We are a profession in desperate need of new talent, brilliant young men and women who can take our places and meet the demands of a global economy hungry for the wide variety of competencies to which veterinarians lay claim. How can the profession attract the best and brightest candidates when we protest that we are the "poorest" medical profession? How can we raise our economic standings in a highly inflationary medical/financial environment without charging more, without paying more taxes and without prudently mitigating the risks that any small-business employer faces?

And so the entire veterinary profession struggles with innumerable ethical dilemmas that bear important and ongoing debate. Society's gap between the "haves and have-nots" seems to be widening, and it places the financial burden of companion animal care squarely at our feet. Whether veterinarians deserve it or not, the spotlight of public perception is upon the profession, especially in the arena of affordability of health care for animals of indigent owners and the high price of rapidly escalating high-tech medical modalities.

Our oath to advance medical knowledge creates a demand for the services that spring from it. Capitalism drives competition to meet that demand. If veterinarians don't meet the consuming public's insatiable appetite, who will? Capitalism abhors a vacuum. And perhaps in the short term, it abhors ethics as well.

From a long-term perspective, all evidence suggests professional ethics are crucial to long-term survival.
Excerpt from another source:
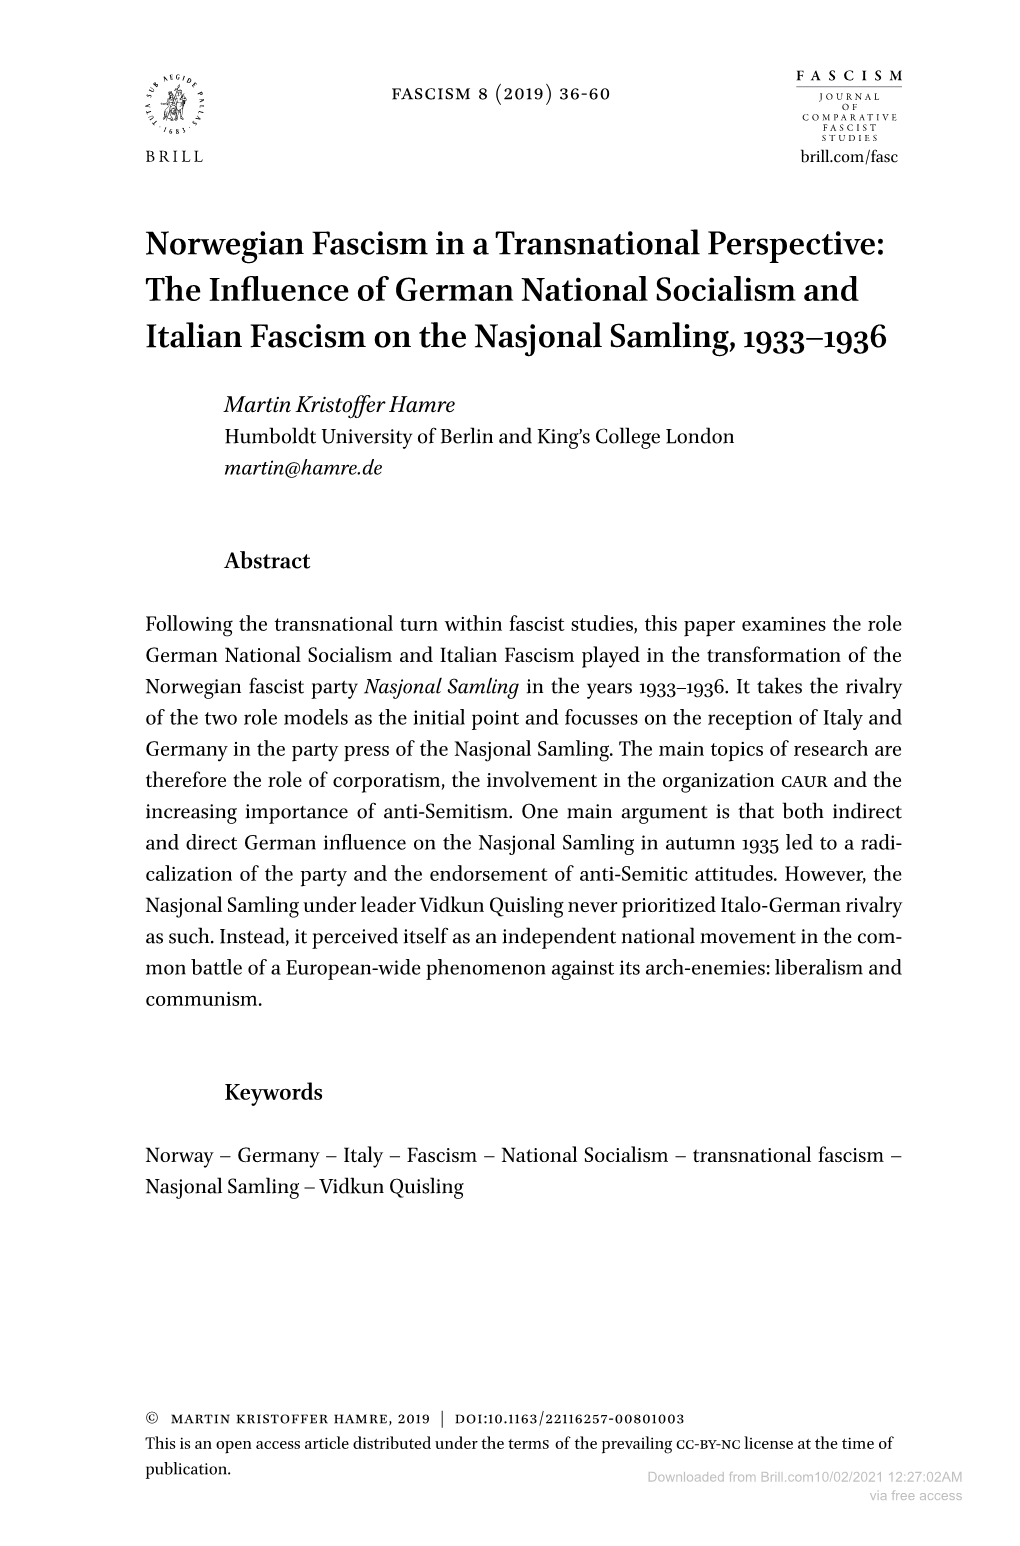 Norwegian Fascism in a Transnational Perspective: the Influence of German National Socialism and Italian Fascism on the Nasjonal Samling, 1933–1936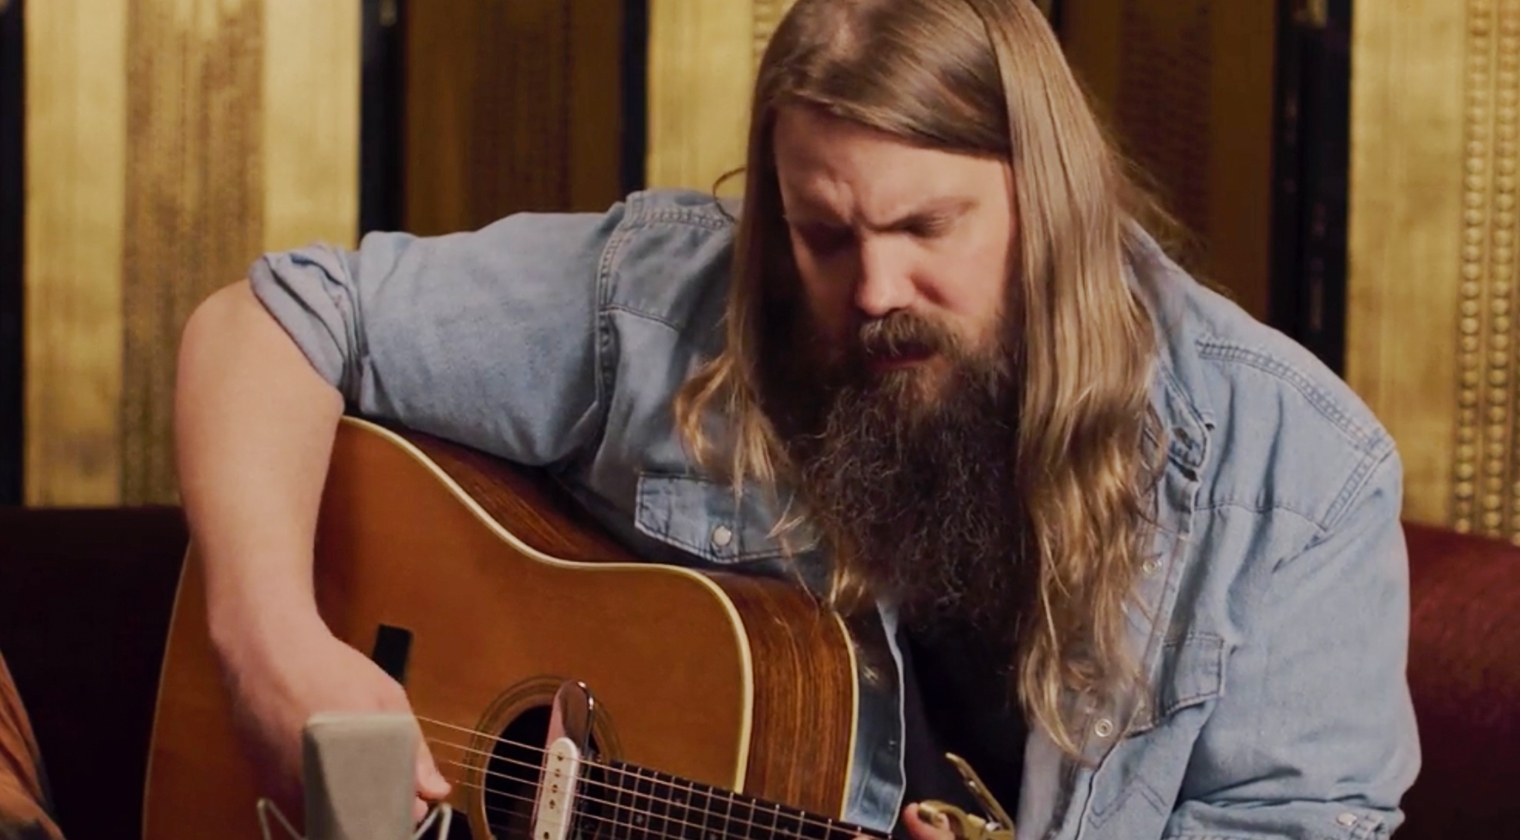 Chris Stapleton Gives Spine-Tingling Cover Of “I Hope You Dance” [Video]

Profitability might not be as satisfying for those with love of immediate gratification. But the example of Aesop's tortoise truly applies for companies who view strong business ethics as crucial to long-term investment value return.

Ethics background

The Greek word "ethos" is synonymous with the Latin word "mores". The parallel derivation leads to one view that "ethics" constitutes the study of morals. But what does that mean? Let's go further to better understand the impact of "ethics" on the veterinarian's day-to-day activities as a human being, a citizen, an entrepreneur, employee, employer, parent, a professional and scientist.

In the Greek tradition, ethics is the study of the "good life". In the Judeo-Christian tradition, ethics is the study of righteousness before God. Further, Aristotle would have defined ethics as the study of the conditions necessary for man's happiness, while Kant's version would have the study of man's duties and responsibilities to one another. Although Kant's concepts about ethics more closely aligns with present societal views, law specifically sets forth the baseline of ethical duties and responsibilities for DVMs and other professionals.

Veterinarians always must remember that laws scripting professional conduct do not, and cannot, define aspirational aspects of ethical behavior. Recognize the difference between rules-based and principle-based behavior. When too many laws and standards rule the road of ethical behavior, people tend to creatively design alternative routes. They justify their unprincipled behavior by parsing words to interpret the law the way that favors them. A good example is the byzantine U.S. tax code that increasingly drives unethical, unprincipled behavior as shown in recent times by various illegal tax-shelter promoters and tax protesters.